1. If P(A) = 0.4 P(B) = 0.2 and P(A or B) = 0.5, find the sum of P(A and B) and P(A|B).
-How would I even start this question?
2. Let A and B be two mutually exclusive events for which P(A) = 0.15 and P(B) = 0.3. Find P(A and B).
-If it's mutually exclusive, wouldn't that just go for the P(A or B)? How would you find P(A and B)?
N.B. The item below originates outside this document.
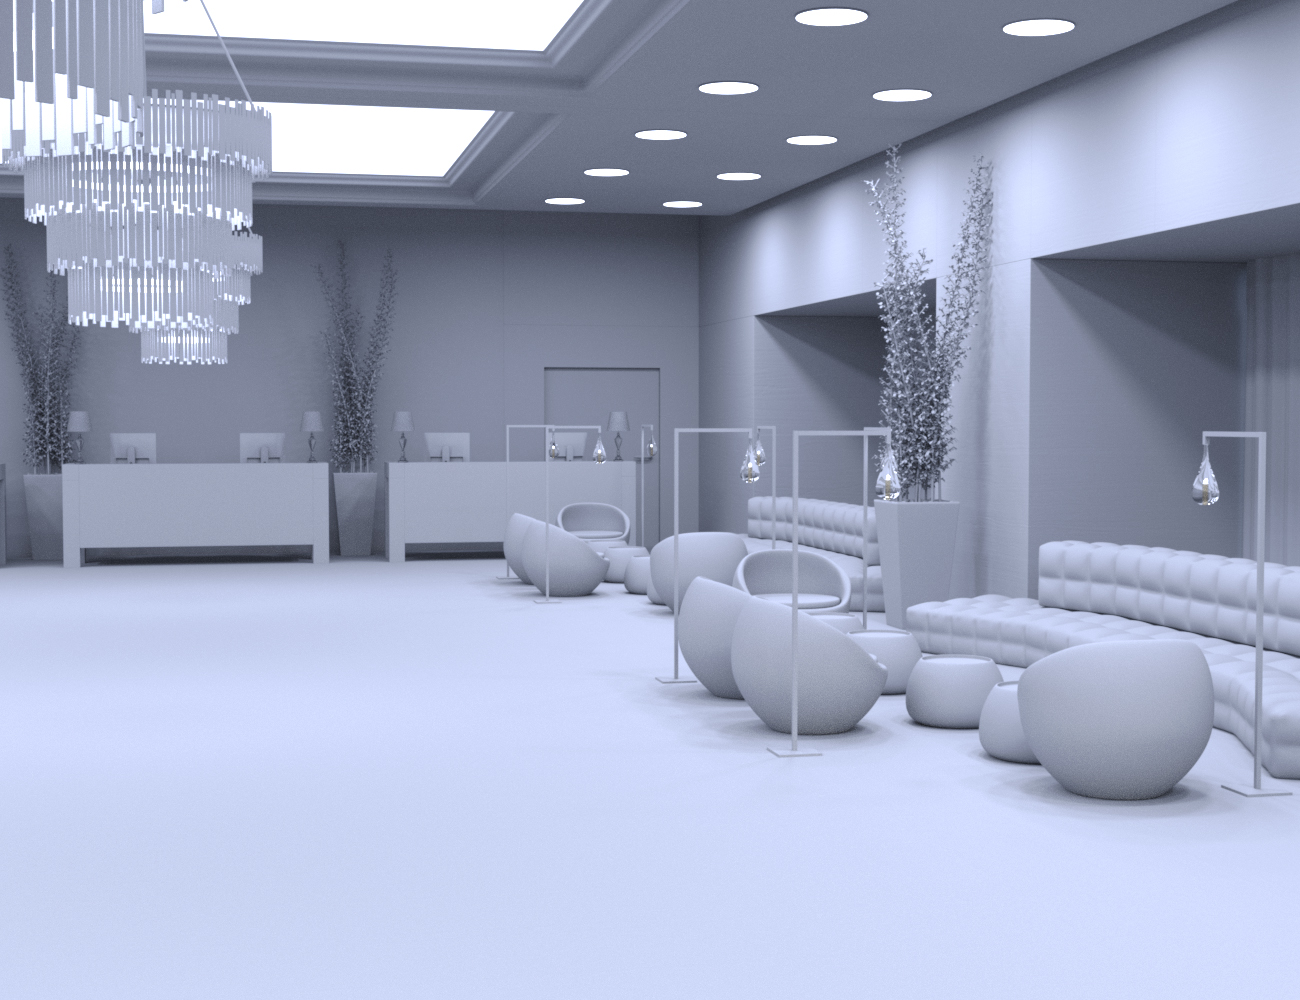 Modern Hotel Lobby by: Charlie, 3D Models by Daz 3D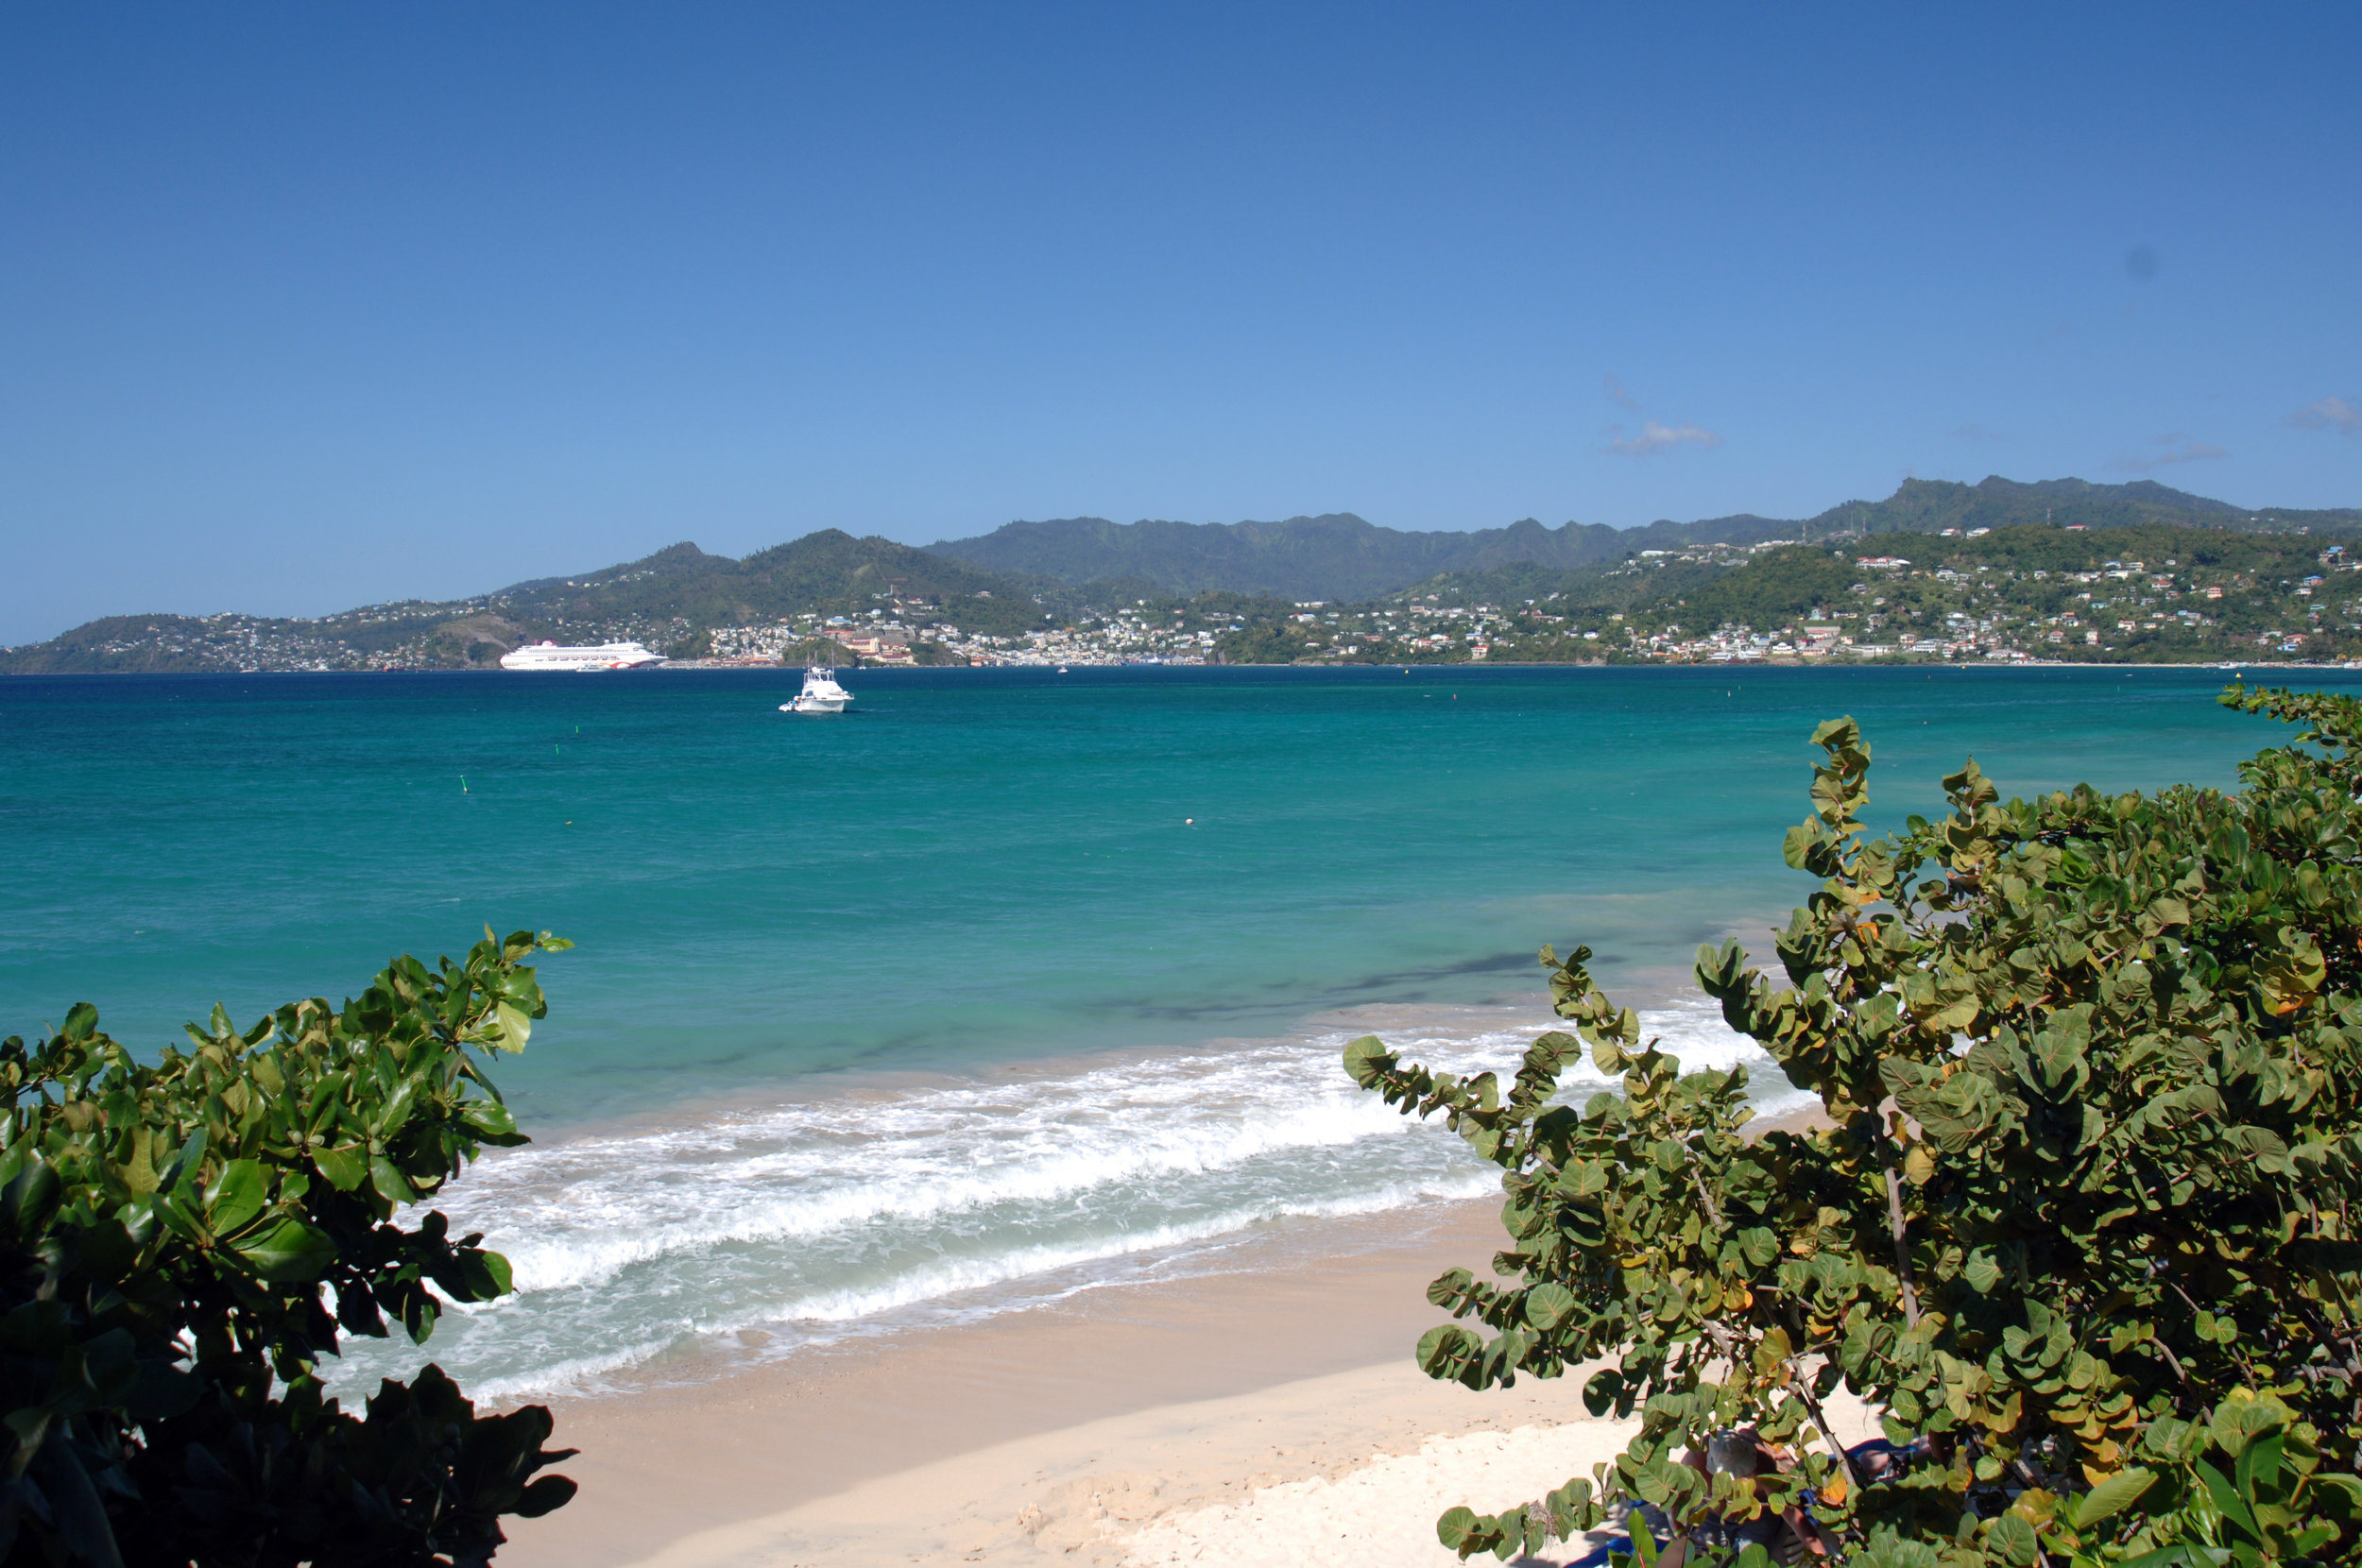 “Image courtesy of Grenada Board of Tourism”

P(A and B) = P(A) + P(B) - P(A or B)
=.4 + .2 - .5
= .1
P(A|B) is a conditional probability
Of the top of my head I am not really sure of the formula. I would have to Google it, but it is easy to find
2. Mutually exclusive means that the result of one event has not effect on another.
e.g. suppose you flip a coin and toss a die
what is the prob that you would get Heads and a 5
prob(heads AND a 5) = (1/2)(1/6) = 1/12
but ..
what is the prob that would get heads OR a 5
= 1/2 + 1/6 = 2/3
so for your problem,
P(A and B) = .15(.3) = .045
P(A or B) = .15 + .3 = .45
Thank You
To answer both questions, we'll use some basic probability concepts and formulas. Let's tackle them one by one.
1. To find the sum of P(A and B) and P(A|B), we can use the formula for the probability of the union of two events: P(A or B) = P(A) + P(B) - P(A and B).
We are given:
P(A) = 0.4
P(B) = 0.2
P(A or B) = 0.5
First, let's find P(A and B):
Using the formula, we have:
P(A or B) = P(A) + P(B) - P(A and B)
0.5 = 0.4 + 0.2 - P(A and B)
0.5 = 0.6 - P(A and B)
P(A and B) = 0.6 - 0.5
P(A and B) = 0.1
Now, let's find P(A|B):
P(A|B) represents the probability of event A happening given that event B has already occurred. In this case, we have no information about the relationship between A and B, so we cannot determine P(A|B) solely from the given probabilities.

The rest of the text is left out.